2. Sale and Purchase of Shares.
---------------------------
2.1. Subscription for Shares by Investor. Subject to the terms and
conditions of this Agreement, each of the Investors hereby agrees to purchase
the Shares from the Company, and the Company hereby agrees to issue and sell the
Shares to each of the Investors, in the respective number of Shares set forth on
the signature pages hereof, at a purchase price equal to $.001 per share, for an
aggregate purchase price of $22,500 (the "Consideration").
2.2. Closing; Deliveries.
-------------------
(a) The closing of the acquisition of the Shares (the "Closing")

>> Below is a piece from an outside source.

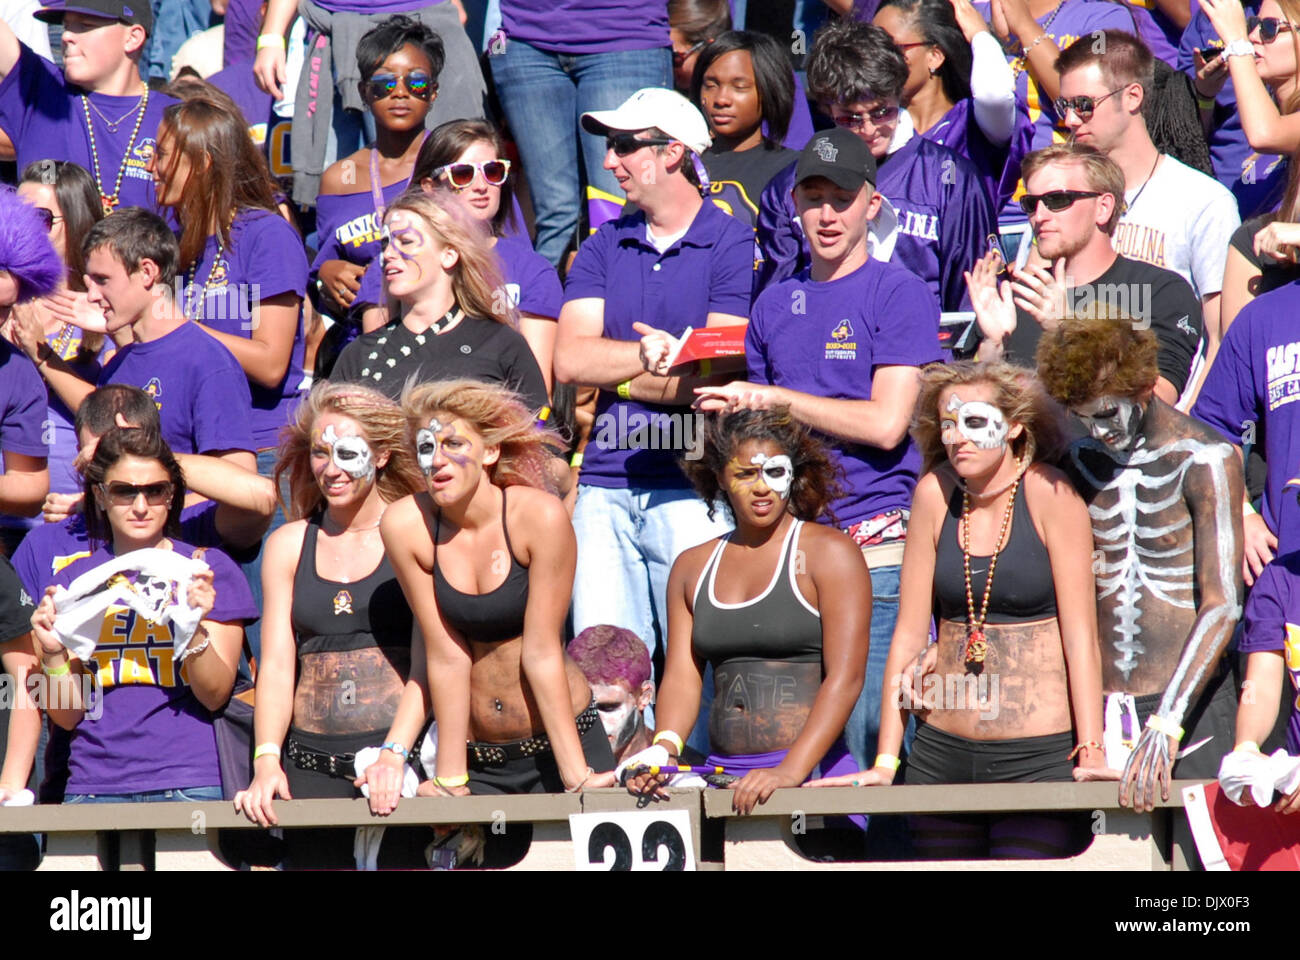 Oct. 16, 2010 - Greenville, North Carolina, United States of America - ECU  fans cheer their team during the game between the East Carolina Pirates and  the NC State Wolfpack at Dowdy-Ficklen

shall take place at the offices of Xxxxxxxxx Xxxxxxx, LLP, counsel to the
Company, at 000 Xxxx Xxxxxx, 00xx Xxxxx, Xxx Xxxx, Xxx Xxxx 00000, or at such
other place as the parties may mutually agree upon, at 10:00 a.m. on February
20, 2003 or such other date and time on which the parties may mutually agree
(the "Closing Date").
(b) At or promptly after the Closing, the Company shall deliver
to each of the Investors, against delivery by each Investor of his respective
share of the Consideration (as provided below), a duly issued stock certificate
representing the respective number of Shares purchased by such Investor as set
forth on the signature pages hereof. The Consideration shall be paid by (i)
certified check, or (ii) wire transfer of immediately available funds in
accordance with wire transfer instructions which will be provided by the Company
upon an Investor's request.
3. Representations, Warranties and Acknowledgments of the Investor.
---------------------------------------------------------------
Each of the Investors hereby represents, warrants and acknowledges to
the Company as to itself, as follows:
3.1. Execution, Delivery and Performance.
-----------------------------------
The Investor has full right, power and authority to execute and
deliver this Agreement and to perform its obligations hereunder and this
Agreement has been duly authorized, executed and delivered by it and is valid,
binding and enforceable against it in accordance with its terms.
2
3.2. No Conflicts.
------------
None of the execution, delivery and performance of this Agreement by
the Investor will conflict with, or result in a breach of any terms or
provisions of, or constitute a default under, any material contract, agreement
or instrument to which the Investor is a party or by which the Investor is
bound.
3.3. Investment Representations.
--------------------------
(a) The Investor understands that the offering and sale of the
Shares is intended to be exempt from registration under the Securities Act of
1933, as amended (the "Securities Act"), by virtue of the provisions of Section
4(2) of the Securities Act and Regulation D adopted thereunder ("Regulation D").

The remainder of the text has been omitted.